Step 4. Parallelizing with Cilk Plus
Parallel programming in itself is a vast area. There are many ways to implement parallel computing in the system, designed to work on multi-core platforms. This time we use Intel Cilk Plus - this is a fairly simple language extension that works very well.
When studying and analyzing code using VTune results, we can find a point at which the code repeatedly calls the most resource-intensive procedure. This is where the greatest potential for parallelization. Usually this is done as follows: we study the tree of the calling and called objects and return to the original narrow place until a fragment is found that is suitable for parallelization.
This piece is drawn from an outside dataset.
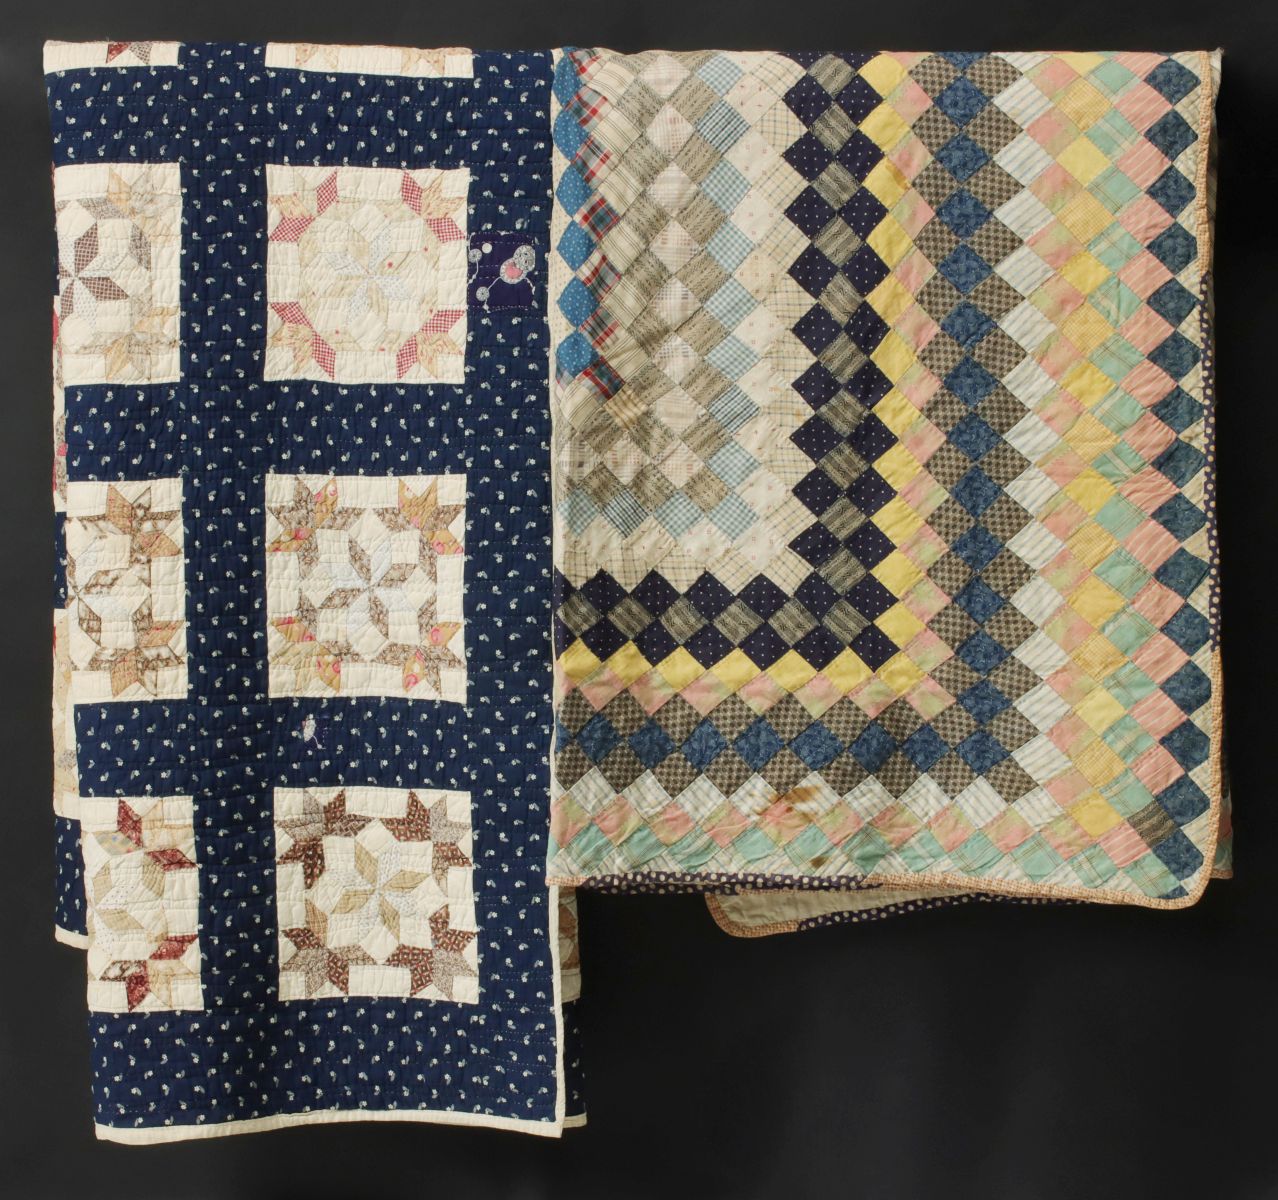 'TRIP AROUND THE WORLD' AND ANOTHER ANTIQUE QUILT
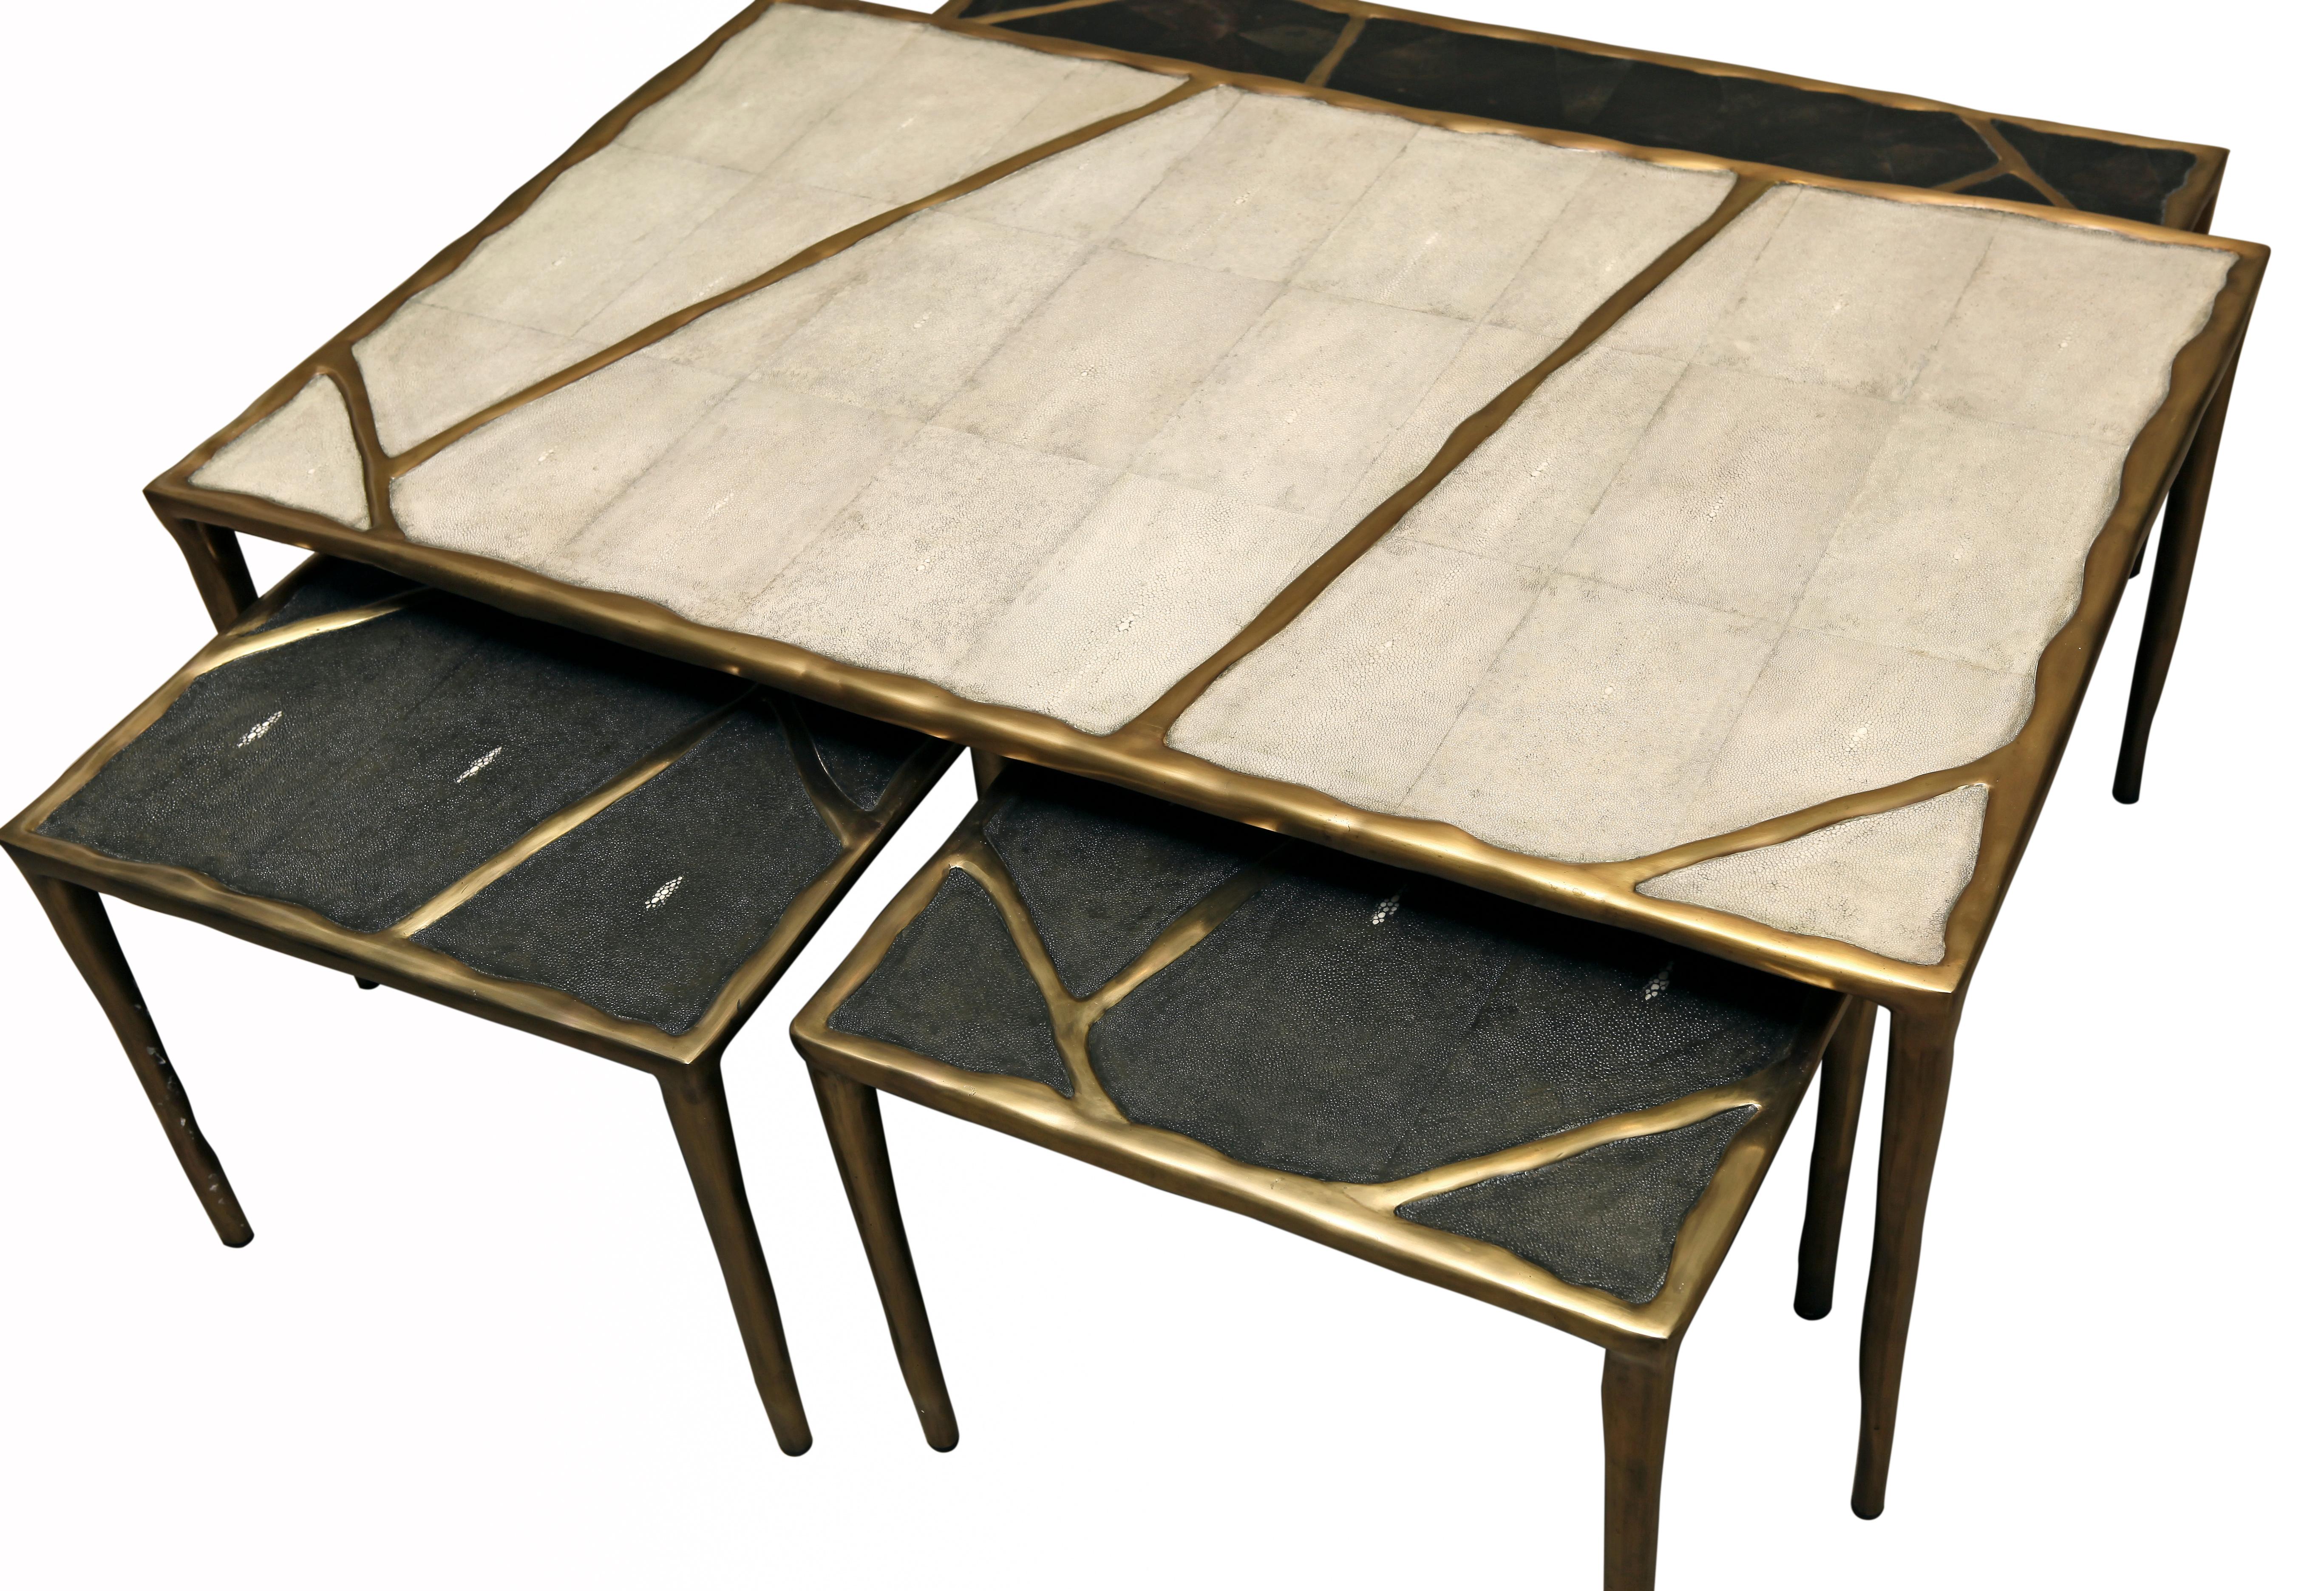 The melting nesting coffee tables are sold as a set of 4, the large is inlaid in cream shagreen, the medium in black pen shell, and the two small sizes in coal black shagreen. These pieces have a bronze-patina brass pattern that

This time we will simply work with the
draw_trace function in the
find_hotspots.cpp file. Simply add cilk_for to parallelize the task we need: instead of one stream, several will be involved. After that, the work of four threads is clearly visible (the code was tested on a dual-core processor with hyper-trading technology), which simultaneously draw different lines.



Now,
11.656 seconds is enough to complete the work, which is significantly better than the initial time. Consider the results of VTune.
The total running time is
13.117 seconds , that is,
1.9 times faster than before. We see that the multi-core architecture is effectively used.

Conclusion
The operating time of the entire program decreased from
44.834 to
13.117 seconds , that is,
3.41 times .
This level of optimization was achieved only with the help of a simple analysis in VTune, the addition of an Intel C ++ compiler parameter and the use of Cilk Plus.
Intel System Studio components help developers effortlessly improve their software.